Orange peels (OP) are primarily composed of proteins, lipids, carbohydrates, and cellulose. Because of this, a number of researchers use this waste product for a variety of objectives. OP was gathered from the neighbourhood market for this study analysis, and it was well washed with distilled water to get rid of any undesired particles that might have adhered to the surfaces. To get rid of the water particles, the OP was then roasted to 100℃ in an oven for 15 minutes. The fibers were subsequently crushed using a ball mill to a fine powder. A sieve shaker was used to sieve the gathered granules. The particle utilized in this experiment has a size in the neighborhood of (73 μm). Figure 4 shows the several phases of orange peel preparation.

Figure 4. Procedure for OP particulate preparation

2.3 Preparation of samples

In the sample preparation process, Hand lay-up method was used in the process of preparing the samples this method includes the following steps: 

First step: Get the mould ready. Every glass pane's base is enveloped in a thermopaper mould throughout the casting procedure., which helps to prevent resin from adhering to the pane and facilitates easy machining through cutting. The sides of the mold are thick (4mm) high grade laminate glass panels stamped on the equator, which ensure stability by providing a flat surface.

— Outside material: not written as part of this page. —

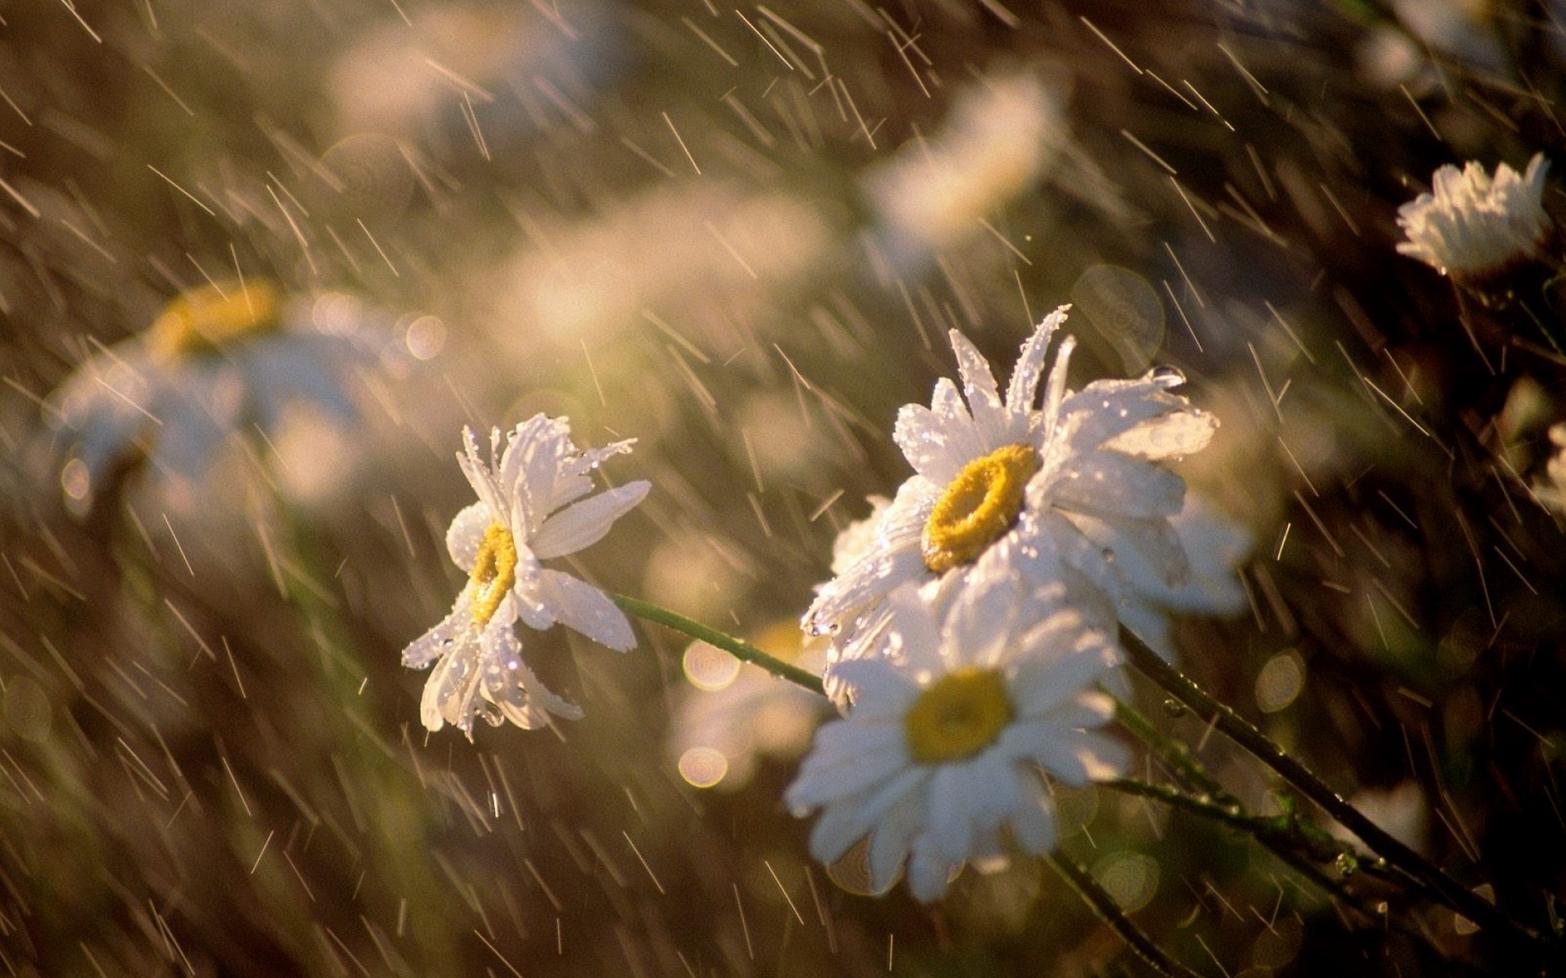 фотографии дождя 3

Step two: forming the sample. The main method of sample preparation and casting. The weighted amount of the required proportion of unsaturated polyester resin and hardener is added at a ratio of (2:100) grams, with the amount of additives of (PP and OP) micro according to the weight ratios (0.05, 0.07, 0.09, 0.11), the mixture of additives and matrix material is mixed at room temperature. In a special container, it is mixed with a mixer for a maximum of (1-10) minutes. The liquid mixture is poured into the mold to create a continuous flow in the middle, filling the mold to the appropriate level. After (48) hours of curing, for five hours, it is baked at 50℃ to guarantee formability.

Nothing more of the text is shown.